Work to complete
With the pictures removed, please write out every line below exactly as given.

Raw data
<<<<

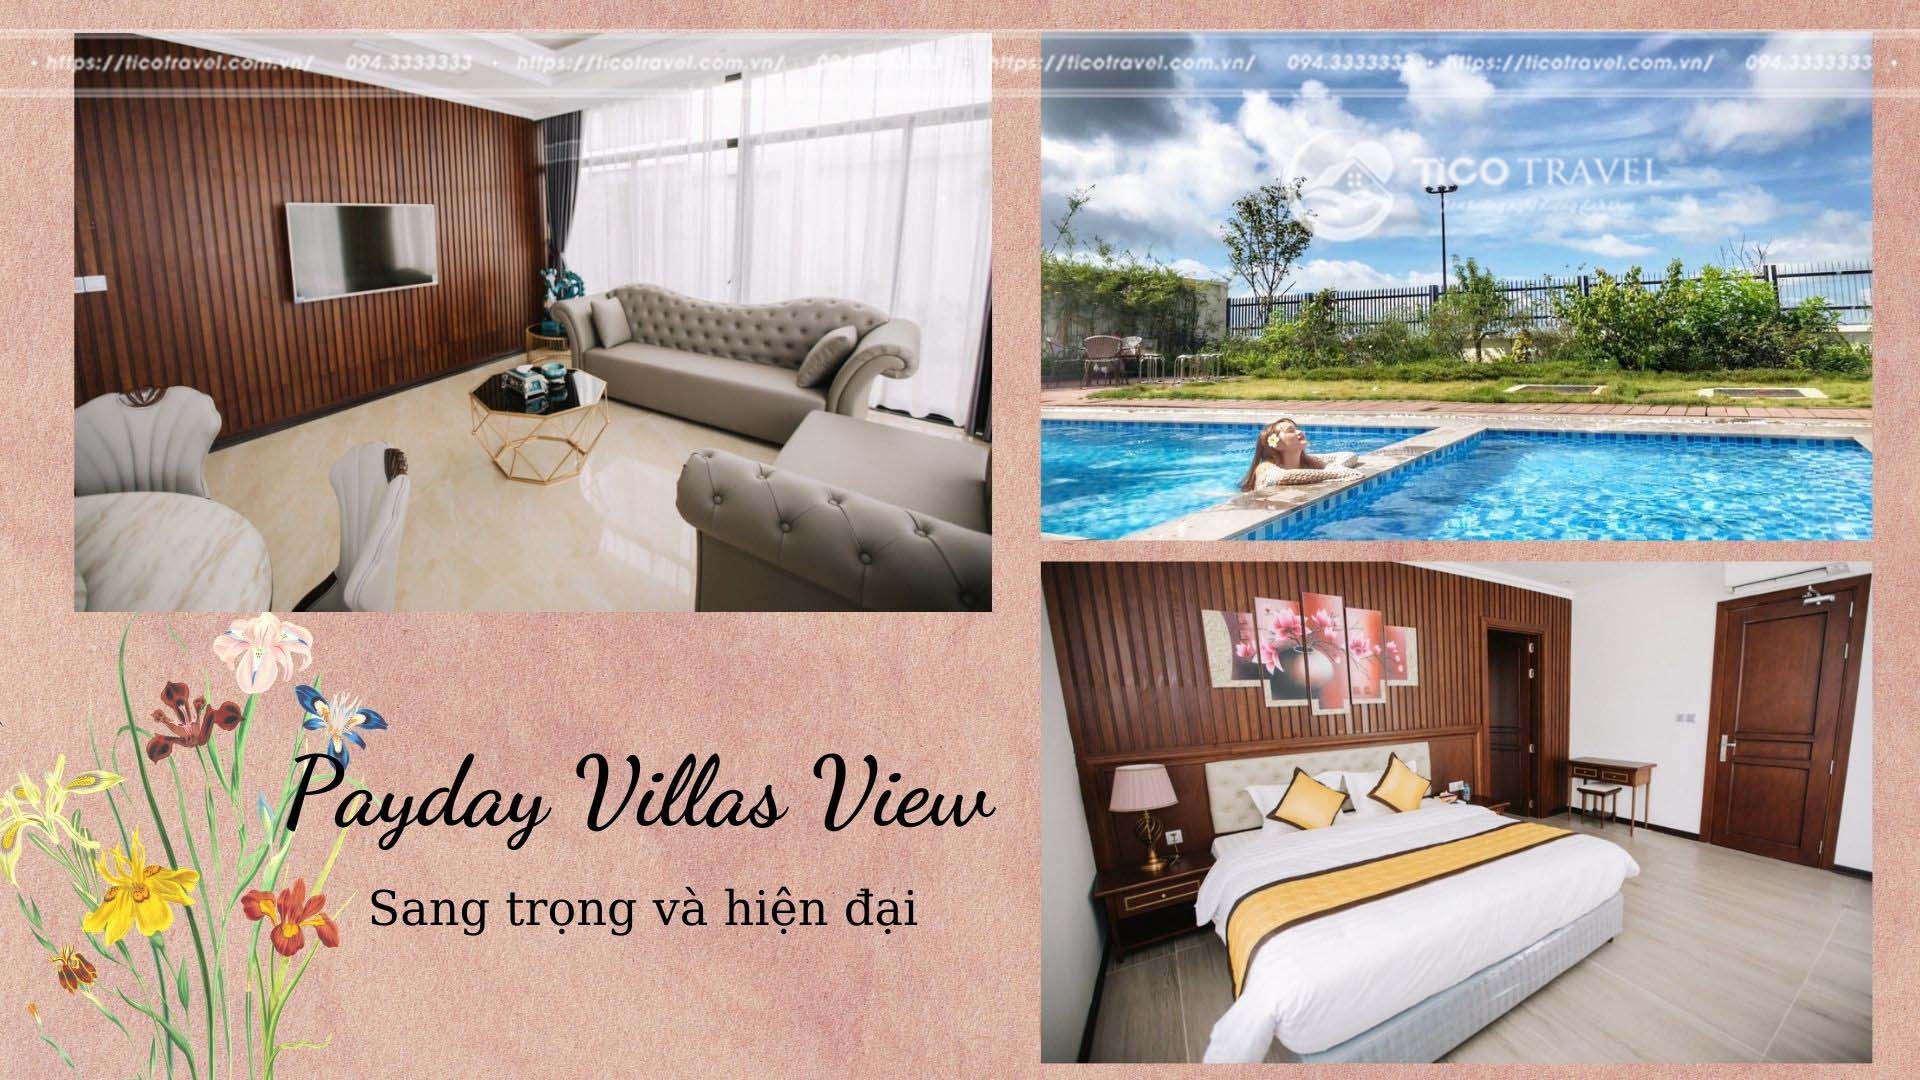 Payday Villa View Hạ Long
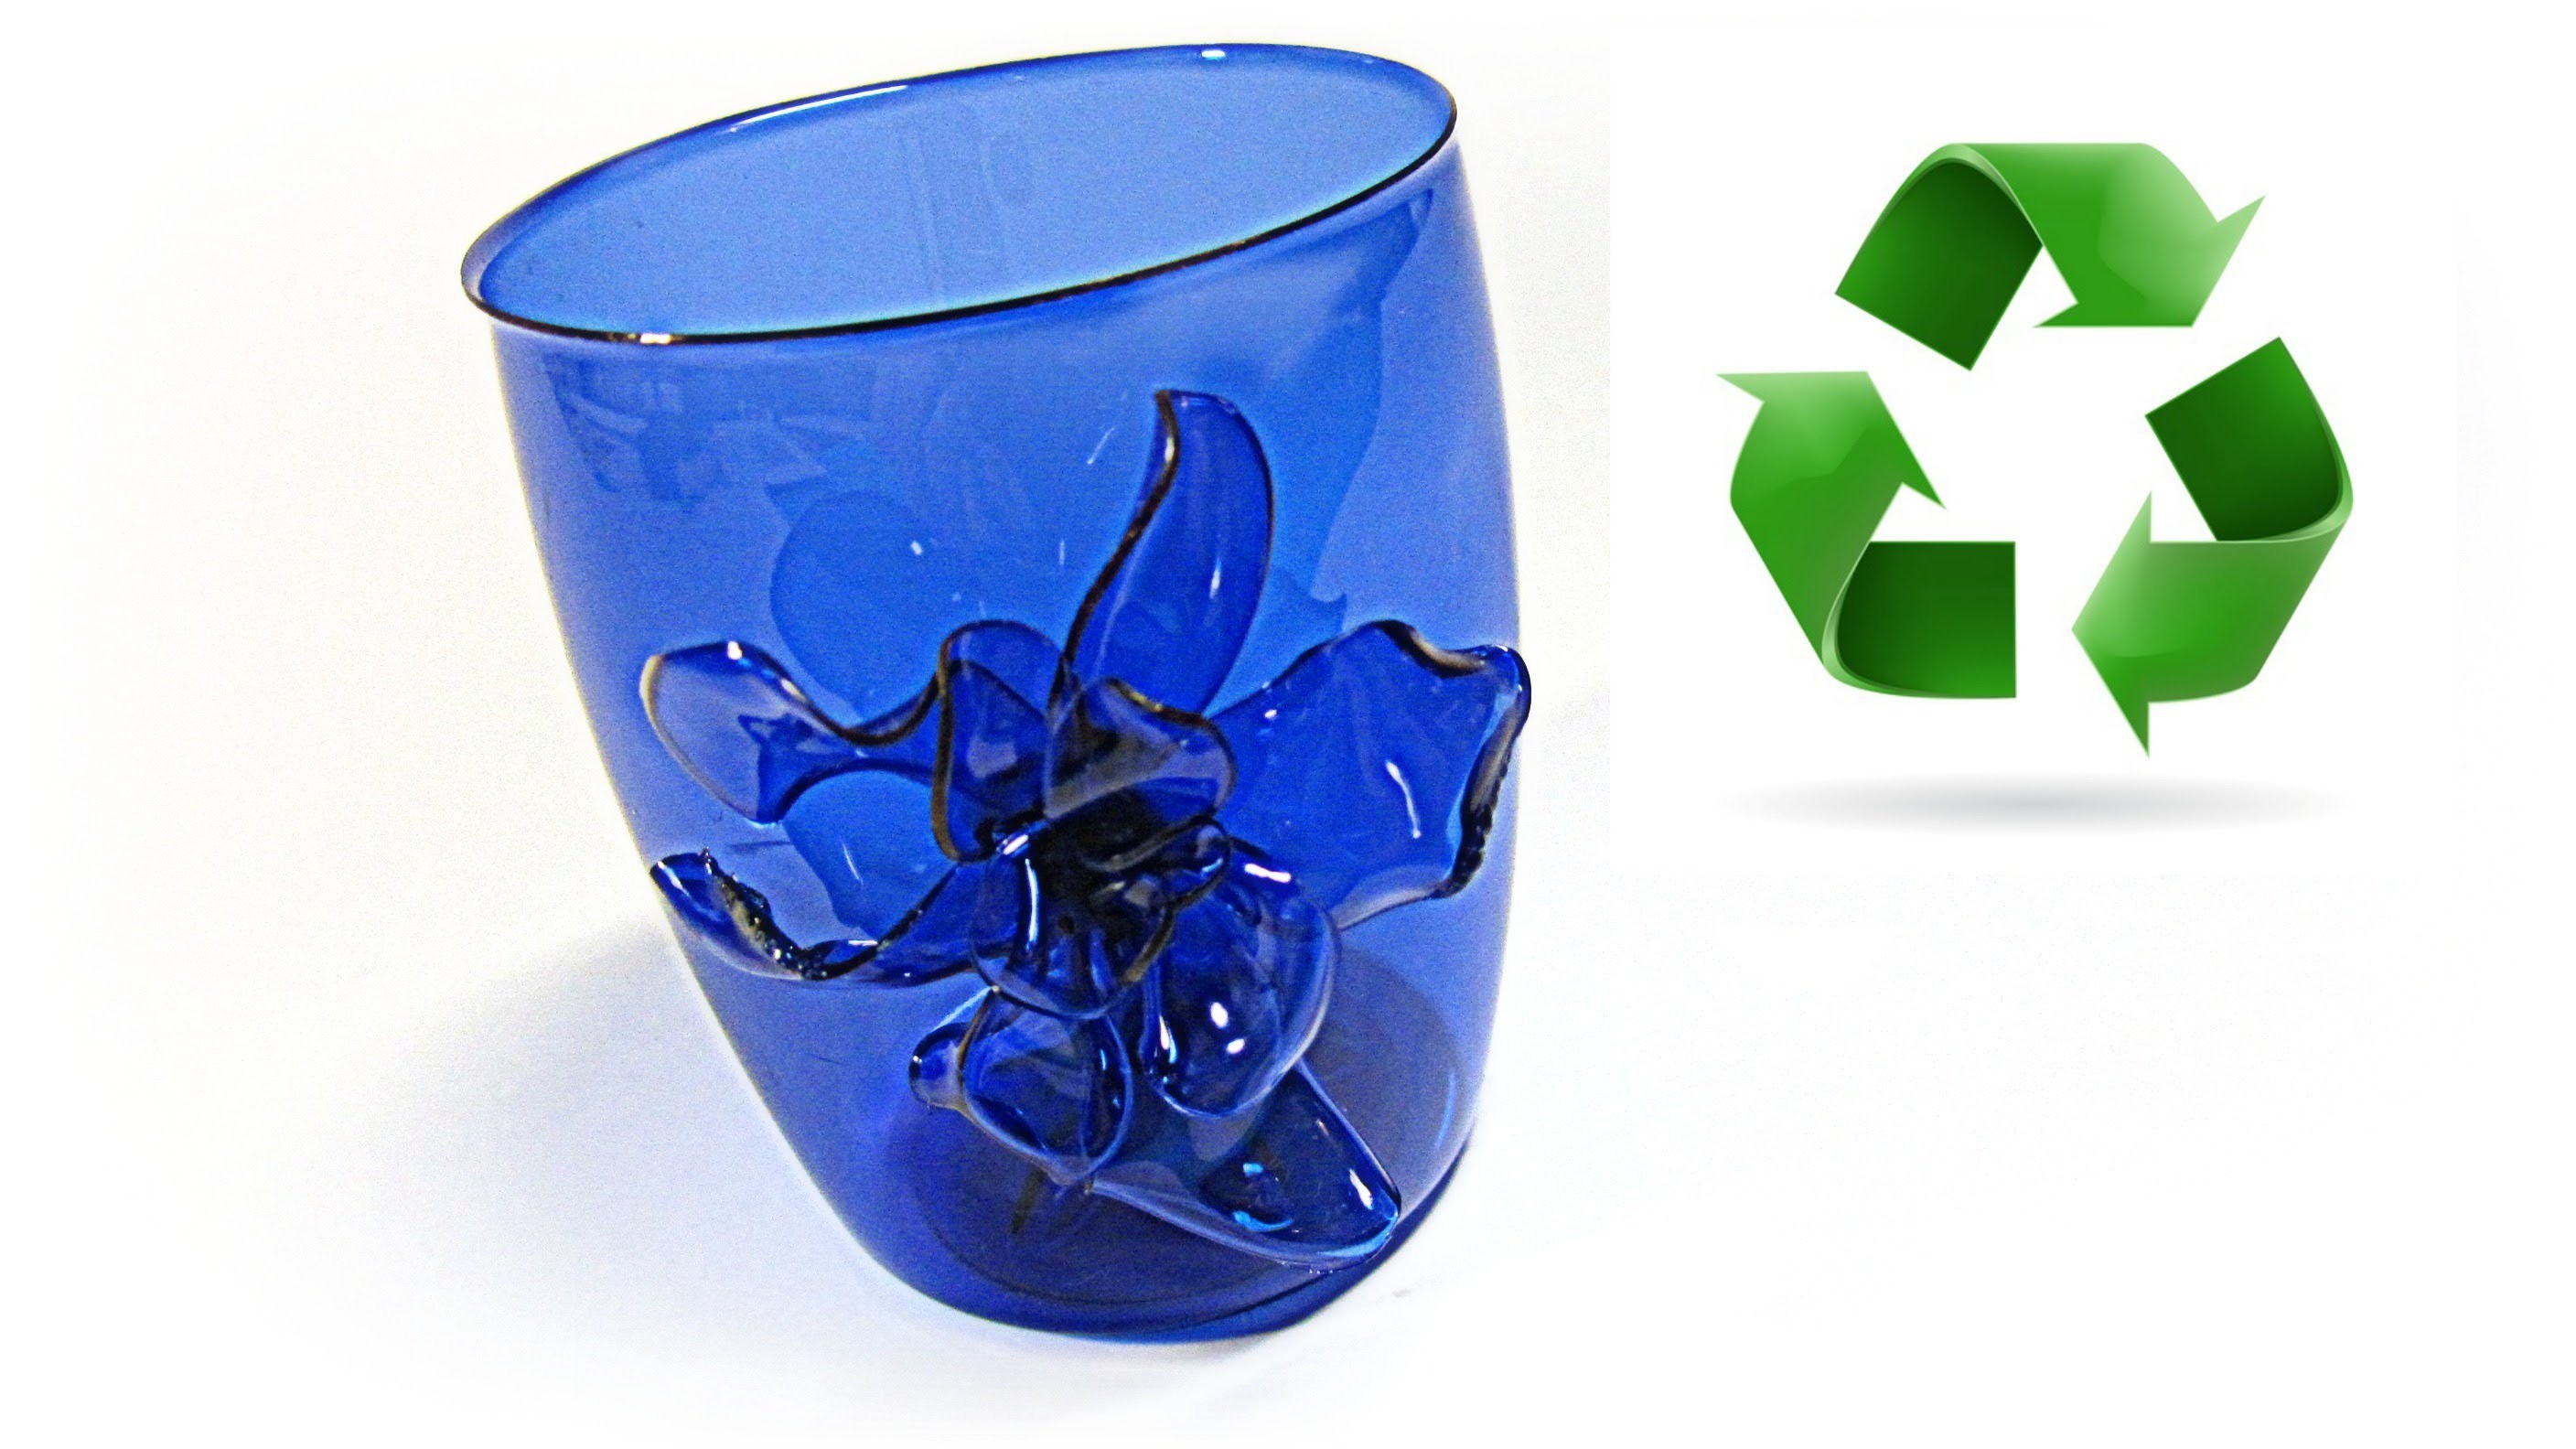 Cómo reciclar envases de plástico. Recycled plastic containers.
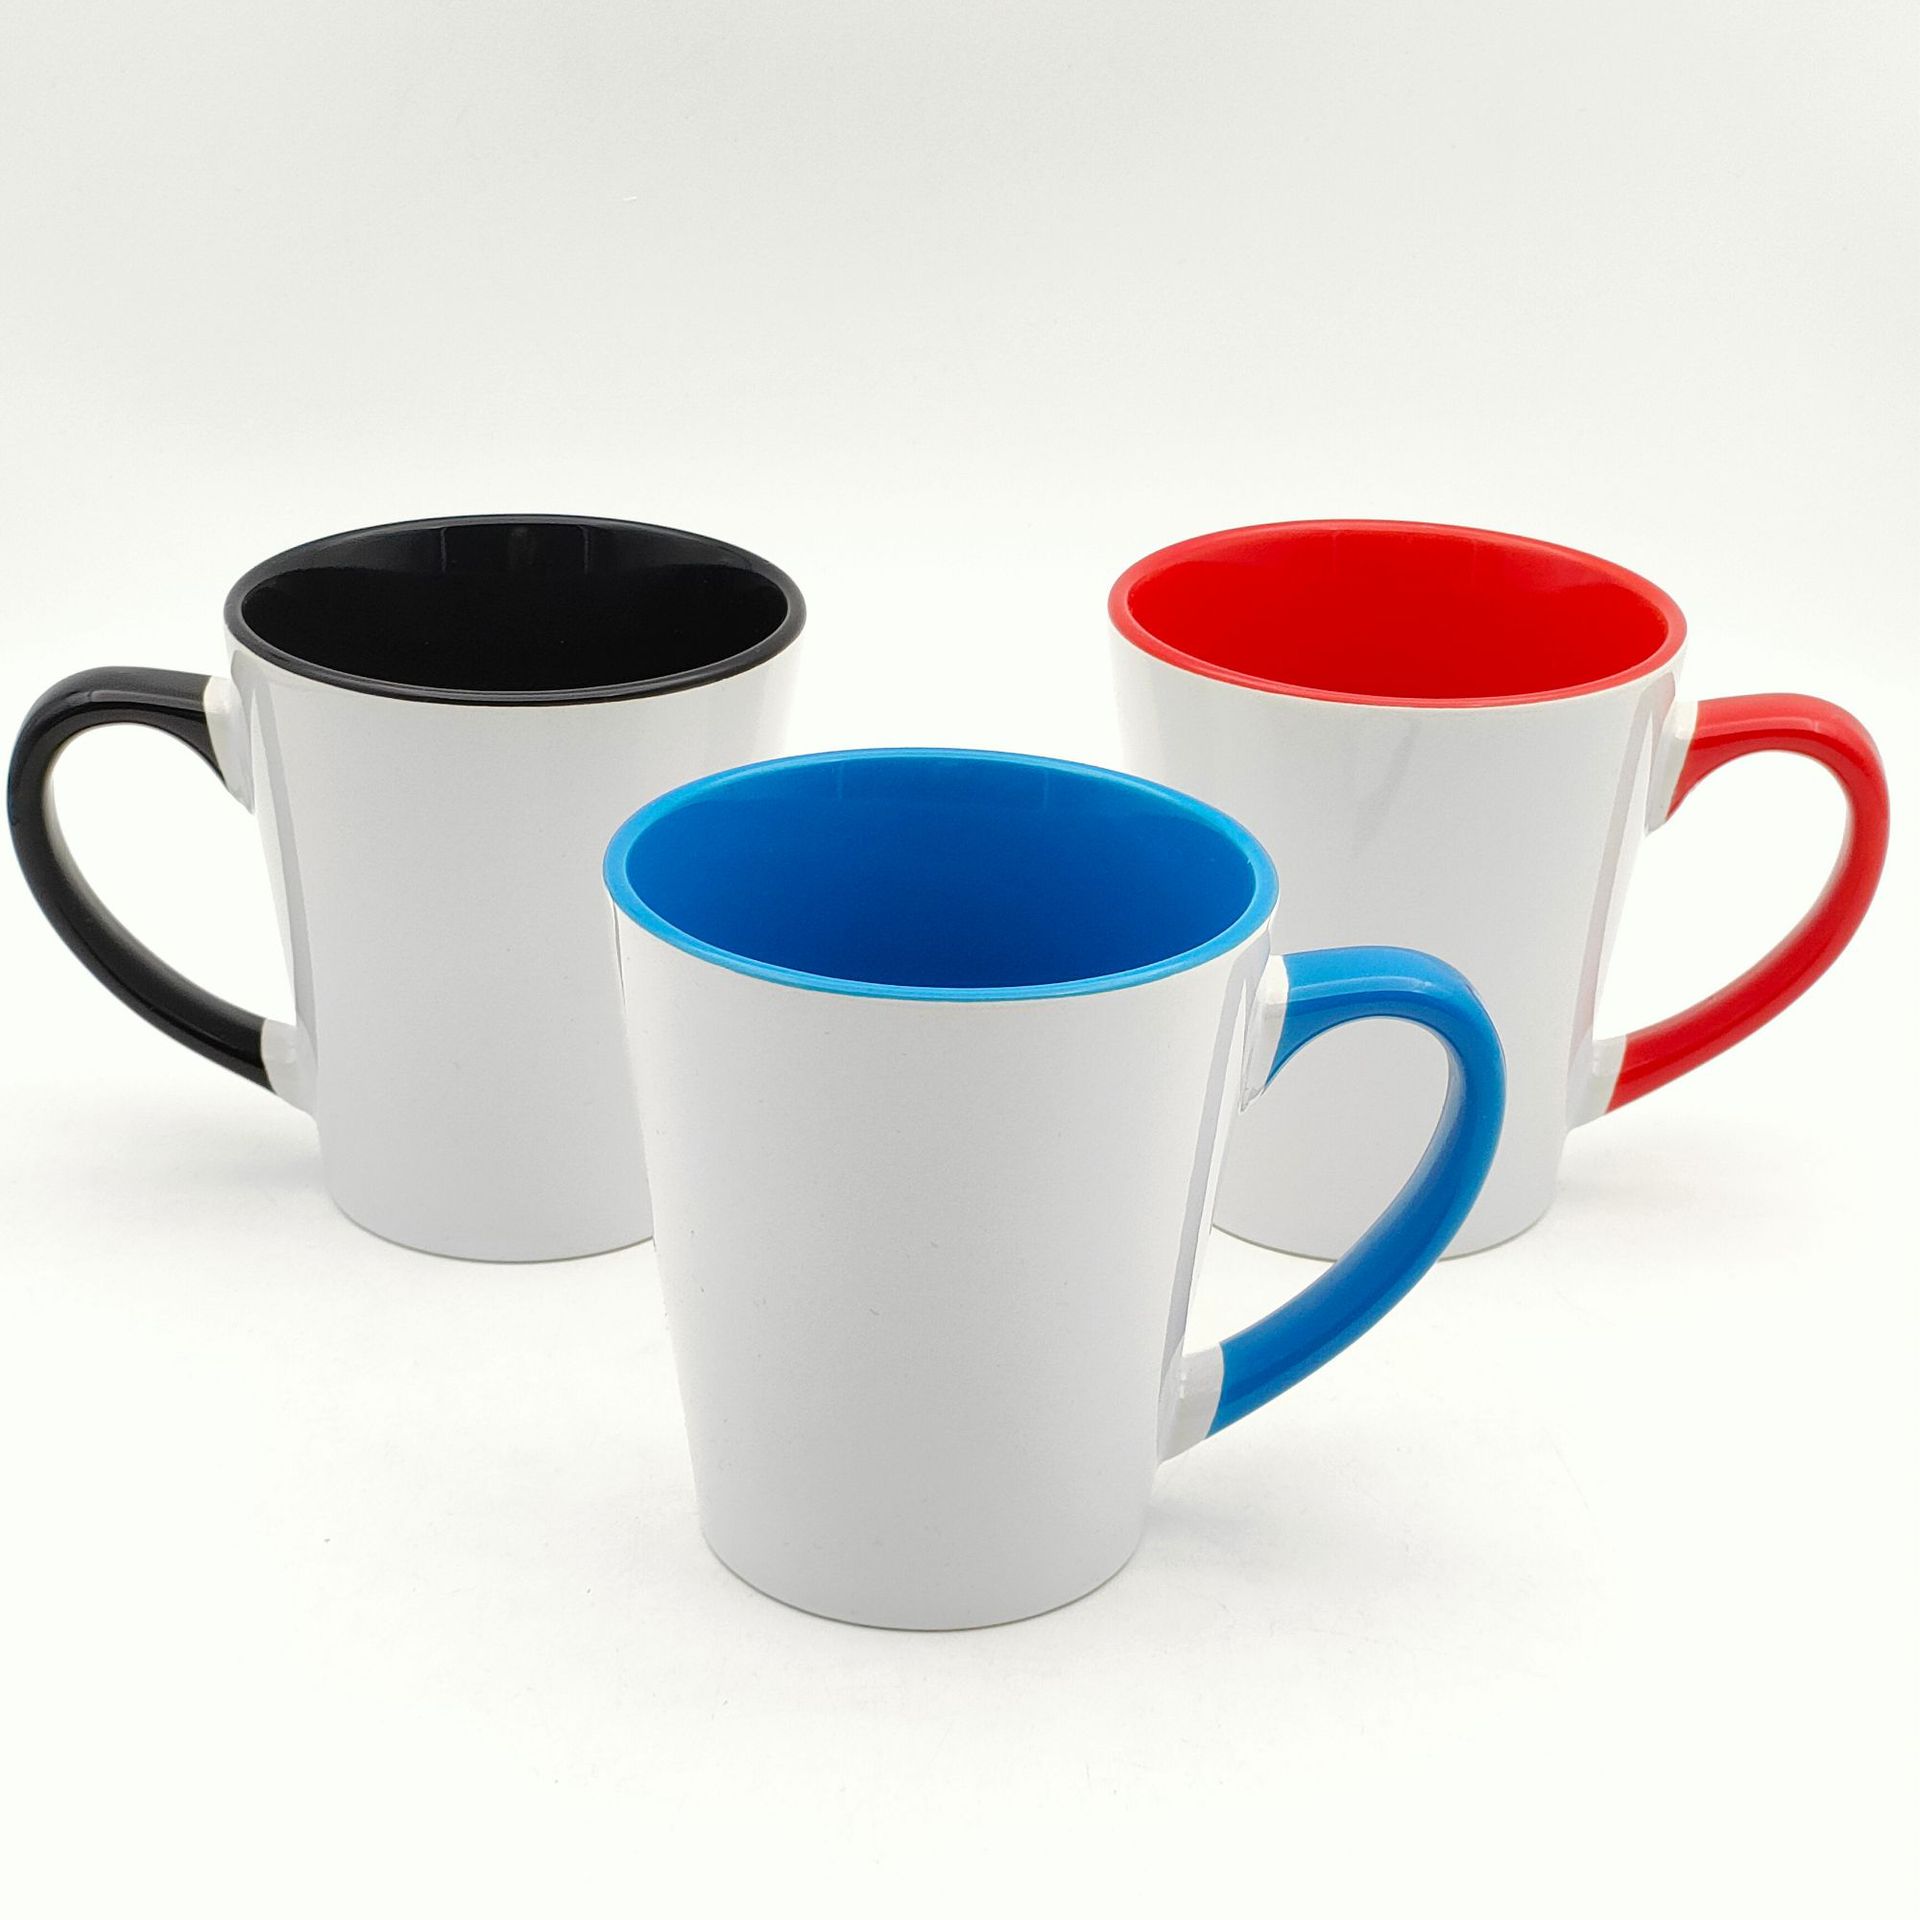 内彩外白漏斗型陶瓷杯 大口径V型马克杯定 制Logo咖啡广告水杯

>>>>

The answer
 Payday Villa View Hạ Long
 Cómo reciclar envases de plástico. Recycled plastic containers.
 内彩外白漏斗型陶瓷杯 大口径V型马克杯定 制Logo咖啡广告水杯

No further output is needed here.